• _Task brief_: Set down the listing below verbatim, but only from its first line through the line containing "Figure 6. Relationship".

=== Begin Enclosure ===

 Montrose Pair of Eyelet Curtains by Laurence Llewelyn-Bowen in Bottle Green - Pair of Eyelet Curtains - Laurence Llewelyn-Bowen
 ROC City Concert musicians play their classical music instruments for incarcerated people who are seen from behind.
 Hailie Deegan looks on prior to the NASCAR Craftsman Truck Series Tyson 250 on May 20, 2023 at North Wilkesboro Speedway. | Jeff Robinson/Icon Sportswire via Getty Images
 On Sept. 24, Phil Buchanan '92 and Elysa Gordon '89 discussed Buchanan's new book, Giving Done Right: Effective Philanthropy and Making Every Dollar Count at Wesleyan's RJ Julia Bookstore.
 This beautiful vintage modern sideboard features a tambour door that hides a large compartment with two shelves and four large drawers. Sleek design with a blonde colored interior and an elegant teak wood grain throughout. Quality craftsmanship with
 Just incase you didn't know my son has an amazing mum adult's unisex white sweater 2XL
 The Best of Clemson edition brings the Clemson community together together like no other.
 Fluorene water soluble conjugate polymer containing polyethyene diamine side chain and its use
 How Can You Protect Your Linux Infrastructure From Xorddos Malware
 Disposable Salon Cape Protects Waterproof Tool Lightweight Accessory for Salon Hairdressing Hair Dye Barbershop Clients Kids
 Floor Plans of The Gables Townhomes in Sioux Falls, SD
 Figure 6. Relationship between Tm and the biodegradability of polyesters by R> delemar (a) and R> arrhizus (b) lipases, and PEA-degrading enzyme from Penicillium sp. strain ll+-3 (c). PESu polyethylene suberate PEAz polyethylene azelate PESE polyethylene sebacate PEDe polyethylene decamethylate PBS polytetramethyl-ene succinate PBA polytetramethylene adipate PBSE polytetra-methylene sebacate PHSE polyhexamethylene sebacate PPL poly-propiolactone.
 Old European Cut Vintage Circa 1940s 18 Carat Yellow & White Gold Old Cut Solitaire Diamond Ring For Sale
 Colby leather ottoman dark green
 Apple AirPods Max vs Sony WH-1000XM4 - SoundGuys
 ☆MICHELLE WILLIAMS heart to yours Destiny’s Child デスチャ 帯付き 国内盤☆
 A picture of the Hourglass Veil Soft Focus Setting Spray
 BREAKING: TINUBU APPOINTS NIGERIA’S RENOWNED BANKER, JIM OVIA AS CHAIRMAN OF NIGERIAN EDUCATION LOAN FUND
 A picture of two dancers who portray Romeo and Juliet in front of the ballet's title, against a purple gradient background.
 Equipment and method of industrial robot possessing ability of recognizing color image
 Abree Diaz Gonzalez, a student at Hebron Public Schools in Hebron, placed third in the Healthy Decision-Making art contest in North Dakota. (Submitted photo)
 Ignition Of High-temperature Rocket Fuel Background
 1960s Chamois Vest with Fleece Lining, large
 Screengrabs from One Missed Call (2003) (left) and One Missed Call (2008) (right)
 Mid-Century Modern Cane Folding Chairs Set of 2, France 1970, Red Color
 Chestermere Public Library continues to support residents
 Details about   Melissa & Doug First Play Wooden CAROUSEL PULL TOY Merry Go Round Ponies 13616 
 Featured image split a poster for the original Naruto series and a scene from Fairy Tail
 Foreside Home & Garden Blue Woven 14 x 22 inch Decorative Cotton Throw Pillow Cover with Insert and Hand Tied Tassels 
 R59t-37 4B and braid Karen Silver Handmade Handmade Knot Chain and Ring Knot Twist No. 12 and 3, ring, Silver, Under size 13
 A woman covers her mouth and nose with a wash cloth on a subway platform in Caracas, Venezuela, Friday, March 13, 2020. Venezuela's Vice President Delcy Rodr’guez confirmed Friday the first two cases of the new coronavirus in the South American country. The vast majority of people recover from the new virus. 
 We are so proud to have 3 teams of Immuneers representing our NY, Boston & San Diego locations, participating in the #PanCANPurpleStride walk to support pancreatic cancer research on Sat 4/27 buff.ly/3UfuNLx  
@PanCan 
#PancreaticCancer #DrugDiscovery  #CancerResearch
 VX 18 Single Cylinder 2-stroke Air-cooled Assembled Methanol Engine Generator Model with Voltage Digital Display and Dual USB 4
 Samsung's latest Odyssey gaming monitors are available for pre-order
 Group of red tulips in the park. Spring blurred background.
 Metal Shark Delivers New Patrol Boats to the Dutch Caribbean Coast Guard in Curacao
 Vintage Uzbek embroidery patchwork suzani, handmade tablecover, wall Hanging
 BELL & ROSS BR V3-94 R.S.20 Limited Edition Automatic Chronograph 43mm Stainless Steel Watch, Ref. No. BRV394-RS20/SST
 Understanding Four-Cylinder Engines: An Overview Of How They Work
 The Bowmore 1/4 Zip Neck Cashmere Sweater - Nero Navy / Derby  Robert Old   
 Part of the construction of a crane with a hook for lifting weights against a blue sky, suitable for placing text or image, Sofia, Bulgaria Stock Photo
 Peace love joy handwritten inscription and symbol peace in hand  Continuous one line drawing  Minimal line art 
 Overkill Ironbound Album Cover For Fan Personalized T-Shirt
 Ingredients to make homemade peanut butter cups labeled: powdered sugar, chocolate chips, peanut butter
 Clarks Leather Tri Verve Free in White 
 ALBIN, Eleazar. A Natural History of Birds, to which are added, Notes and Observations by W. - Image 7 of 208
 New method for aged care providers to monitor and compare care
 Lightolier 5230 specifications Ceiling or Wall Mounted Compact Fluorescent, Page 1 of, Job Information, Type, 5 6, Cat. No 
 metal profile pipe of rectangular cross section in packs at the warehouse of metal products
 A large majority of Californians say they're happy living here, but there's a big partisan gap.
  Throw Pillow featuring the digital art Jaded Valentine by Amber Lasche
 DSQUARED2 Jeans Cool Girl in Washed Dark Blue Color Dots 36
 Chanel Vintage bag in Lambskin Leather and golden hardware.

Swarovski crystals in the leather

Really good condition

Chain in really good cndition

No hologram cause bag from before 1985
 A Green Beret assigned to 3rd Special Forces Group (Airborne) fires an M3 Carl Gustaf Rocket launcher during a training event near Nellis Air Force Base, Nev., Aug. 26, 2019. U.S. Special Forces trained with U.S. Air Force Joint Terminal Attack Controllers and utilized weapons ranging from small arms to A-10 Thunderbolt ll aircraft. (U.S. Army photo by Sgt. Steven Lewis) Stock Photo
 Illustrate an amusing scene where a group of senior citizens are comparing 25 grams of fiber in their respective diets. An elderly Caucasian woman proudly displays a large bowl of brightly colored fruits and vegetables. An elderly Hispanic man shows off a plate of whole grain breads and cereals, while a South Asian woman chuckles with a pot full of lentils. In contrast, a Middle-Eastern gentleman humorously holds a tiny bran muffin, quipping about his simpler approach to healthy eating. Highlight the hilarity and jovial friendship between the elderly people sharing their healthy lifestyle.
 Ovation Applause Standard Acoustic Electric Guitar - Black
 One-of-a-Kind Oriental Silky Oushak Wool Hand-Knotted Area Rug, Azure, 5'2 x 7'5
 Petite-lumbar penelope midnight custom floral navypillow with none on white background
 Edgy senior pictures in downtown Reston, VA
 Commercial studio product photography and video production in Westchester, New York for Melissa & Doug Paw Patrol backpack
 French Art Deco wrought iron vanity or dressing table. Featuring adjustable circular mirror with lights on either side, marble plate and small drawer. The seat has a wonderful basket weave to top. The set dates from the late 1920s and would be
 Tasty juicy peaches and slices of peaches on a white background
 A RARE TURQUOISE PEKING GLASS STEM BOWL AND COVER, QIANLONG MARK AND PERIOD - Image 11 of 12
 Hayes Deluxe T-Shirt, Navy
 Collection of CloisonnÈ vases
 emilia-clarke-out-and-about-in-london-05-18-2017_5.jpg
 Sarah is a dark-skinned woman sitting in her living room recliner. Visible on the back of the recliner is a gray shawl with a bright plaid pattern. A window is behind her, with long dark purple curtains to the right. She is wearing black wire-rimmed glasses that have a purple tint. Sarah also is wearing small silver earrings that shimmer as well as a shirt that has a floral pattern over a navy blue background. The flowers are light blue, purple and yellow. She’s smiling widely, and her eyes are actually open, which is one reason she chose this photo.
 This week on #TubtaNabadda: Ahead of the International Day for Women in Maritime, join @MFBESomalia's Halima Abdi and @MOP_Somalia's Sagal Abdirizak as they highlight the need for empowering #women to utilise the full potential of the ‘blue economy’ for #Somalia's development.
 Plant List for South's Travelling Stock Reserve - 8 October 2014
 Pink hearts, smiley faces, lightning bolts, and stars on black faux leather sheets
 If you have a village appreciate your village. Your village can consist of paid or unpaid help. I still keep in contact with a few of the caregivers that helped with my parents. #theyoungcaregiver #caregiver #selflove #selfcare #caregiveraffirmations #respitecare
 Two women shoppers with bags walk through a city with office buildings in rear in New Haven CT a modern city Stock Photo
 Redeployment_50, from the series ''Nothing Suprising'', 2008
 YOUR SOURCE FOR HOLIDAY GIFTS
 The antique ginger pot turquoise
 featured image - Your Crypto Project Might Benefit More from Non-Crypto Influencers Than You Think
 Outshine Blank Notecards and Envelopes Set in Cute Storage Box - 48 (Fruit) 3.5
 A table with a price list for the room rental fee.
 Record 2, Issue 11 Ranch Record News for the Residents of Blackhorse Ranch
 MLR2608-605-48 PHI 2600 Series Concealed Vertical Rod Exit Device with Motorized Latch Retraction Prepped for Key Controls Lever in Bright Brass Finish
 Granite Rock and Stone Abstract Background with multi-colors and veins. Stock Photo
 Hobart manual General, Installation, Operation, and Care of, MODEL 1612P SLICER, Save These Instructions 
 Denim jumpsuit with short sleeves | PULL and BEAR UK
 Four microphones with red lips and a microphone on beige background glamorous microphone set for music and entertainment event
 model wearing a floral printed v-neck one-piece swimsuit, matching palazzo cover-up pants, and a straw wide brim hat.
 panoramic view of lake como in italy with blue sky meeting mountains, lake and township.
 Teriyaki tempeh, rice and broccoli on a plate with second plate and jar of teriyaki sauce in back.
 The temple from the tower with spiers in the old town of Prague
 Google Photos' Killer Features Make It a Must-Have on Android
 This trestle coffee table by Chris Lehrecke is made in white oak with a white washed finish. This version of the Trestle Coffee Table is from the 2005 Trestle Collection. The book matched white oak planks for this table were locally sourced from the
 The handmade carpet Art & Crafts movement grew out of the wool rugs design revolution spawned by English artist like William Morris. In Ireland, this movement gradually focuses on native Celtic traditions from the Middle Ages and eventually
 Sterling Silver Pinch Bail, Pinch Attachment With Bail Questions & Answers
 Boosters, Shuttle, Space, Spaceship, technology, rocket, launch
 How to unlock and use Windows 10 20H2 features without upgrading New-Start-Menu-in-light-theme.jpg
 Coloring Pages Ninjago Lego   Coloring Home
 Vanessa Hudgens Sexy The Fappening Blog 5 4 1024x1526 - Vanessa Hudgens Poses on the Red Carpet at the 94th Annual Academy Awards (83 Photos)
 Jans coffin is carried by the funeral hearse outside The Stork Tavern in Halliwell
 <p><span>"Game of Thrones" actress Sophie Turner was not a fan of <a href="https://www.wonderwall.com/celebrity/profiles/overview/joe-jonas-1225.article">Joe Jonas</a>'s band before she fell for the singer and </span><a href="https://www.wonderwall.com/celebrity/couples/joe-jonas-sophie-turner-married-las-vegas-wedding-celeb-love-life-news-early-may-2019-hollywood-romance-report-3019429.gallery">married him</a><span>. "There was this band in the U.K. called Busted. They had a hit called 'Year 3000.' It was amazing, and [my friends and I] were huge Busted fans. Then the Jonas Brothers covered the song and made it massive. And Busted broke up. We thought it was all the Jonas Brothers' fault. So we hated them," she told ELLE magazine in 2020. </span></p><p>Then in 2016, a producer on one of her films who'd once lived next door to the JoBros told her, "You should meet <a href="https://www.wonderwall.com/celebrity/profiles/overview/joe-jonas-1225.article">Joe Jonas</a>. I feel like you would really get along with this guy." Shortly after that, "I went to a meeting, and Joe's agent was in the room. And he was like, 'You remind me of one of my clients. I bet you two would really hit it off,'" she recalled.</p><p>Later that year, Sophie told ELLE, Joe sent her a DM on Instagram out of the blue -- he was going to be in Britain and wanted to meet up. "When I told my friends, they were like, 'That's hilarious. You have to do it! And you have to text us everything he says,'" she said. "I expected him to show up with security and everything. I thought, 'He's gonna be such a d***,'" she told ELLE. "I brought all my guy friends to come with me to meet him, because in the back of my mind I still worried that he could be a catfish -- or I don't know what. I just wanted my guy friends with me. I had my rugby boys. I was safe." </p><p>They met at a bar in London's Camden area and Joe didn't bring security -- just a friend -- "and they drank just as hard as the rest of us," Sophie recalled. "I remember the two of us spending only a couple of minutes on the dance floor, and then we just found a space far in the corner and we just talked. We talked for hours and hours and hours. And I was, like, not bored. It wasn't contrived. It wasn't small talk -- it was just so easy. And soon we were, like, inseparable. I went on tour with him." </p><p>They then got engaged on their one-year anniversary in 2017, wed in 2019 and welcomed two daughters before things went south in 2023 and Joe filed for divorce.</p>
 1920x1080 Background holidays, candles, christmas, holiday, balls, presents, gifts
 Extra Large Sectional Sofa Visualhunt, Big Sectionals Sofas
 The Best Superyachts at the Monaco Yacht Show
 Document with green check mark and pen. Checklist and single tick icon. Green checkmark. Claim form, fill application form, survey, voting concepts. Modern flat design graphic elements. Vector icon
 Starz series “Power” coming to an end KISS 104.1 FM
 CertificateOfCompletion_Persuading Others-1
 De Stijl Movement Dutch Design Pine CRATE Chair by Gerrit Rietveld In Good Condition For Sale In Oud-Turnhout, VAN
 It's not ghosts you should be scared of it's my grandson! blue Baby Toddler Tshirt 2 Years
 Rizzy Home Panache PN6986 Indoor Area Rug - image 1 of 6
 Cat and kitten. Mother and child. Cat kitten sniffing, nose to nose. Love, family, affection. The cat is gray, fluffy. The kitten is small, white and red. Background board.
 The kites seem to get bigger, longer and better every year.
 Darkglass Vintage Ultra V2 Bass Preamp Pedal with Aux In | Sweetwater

=== End Enclosure ===

• _Answer section_:
 Montrose Pair of Eyelet Curtains by Laurence Llewelyn-Bowen in Bottle Green - Pair of Eyelet Curtains - Laurence Llewelyn-Bowen
 ROC City Concert musicians play their classical music instruments for incarcerated people who are seen from behind.
 Hailie Deegan looks on prior to the NASCAR Craftsman Truck Series Tyson 250 on May 20, 2023 at North Wilkesboro Speedway. | Jeff Robinson/Icon Sportswire via Getty Images
 On Sept. 24, Phil Buchanan '92 and Elysa Gordon '89 discussed Buchanan's new book, Giving Done Right: Effective Philanthropy and Making Every Dollar Count at Wesleyan's RJ Julia Bookstore.
 This beautiful vintage modern sideboard features a tambour door that hides a large compartment with two shelves and four large drawers. Sleek design with a blonde colored interior and an elegant teak wood grain throughout. Quality craftsmanship with
 Just incase you didn't know my son has an amazing mum adult's unisex white sweater 2XL
 The Best of Clemson edition brings the Clemson community together together like no other.
 Fluorene water soluble conjugate polymer containing polyethyene diamine side chain and its use
 How Can You Protect Your Linux Infrastructure From Xorddos Malware
 Disposable Salon Cape Protects Waterproof Tool Lightweight Accessory for Salon Hairdressing Hair Dye Barbershop Clients Kids
 Floor Plans of The Gables Townhomes in Sioux Falls, SD
 Figure 6. Relationship between Tm and the biodegradability of polyesters by R> delemar (a) and R> arrhizus (b) lipases, and PEA-degrading enzyme from Penicillium sp. strain ll+-3 (c). PESu polyethylene suberate PEAz polyethylene azelate PESE polyethylene sebacate PEDe polyethylene decamethylate PBS polytetramethyl-ene succinate PBA polytetramethylene adipate PBSE polytetra-methylene sebacate PHSE polyhexamethylene sebacate PPL poly-propiolactone.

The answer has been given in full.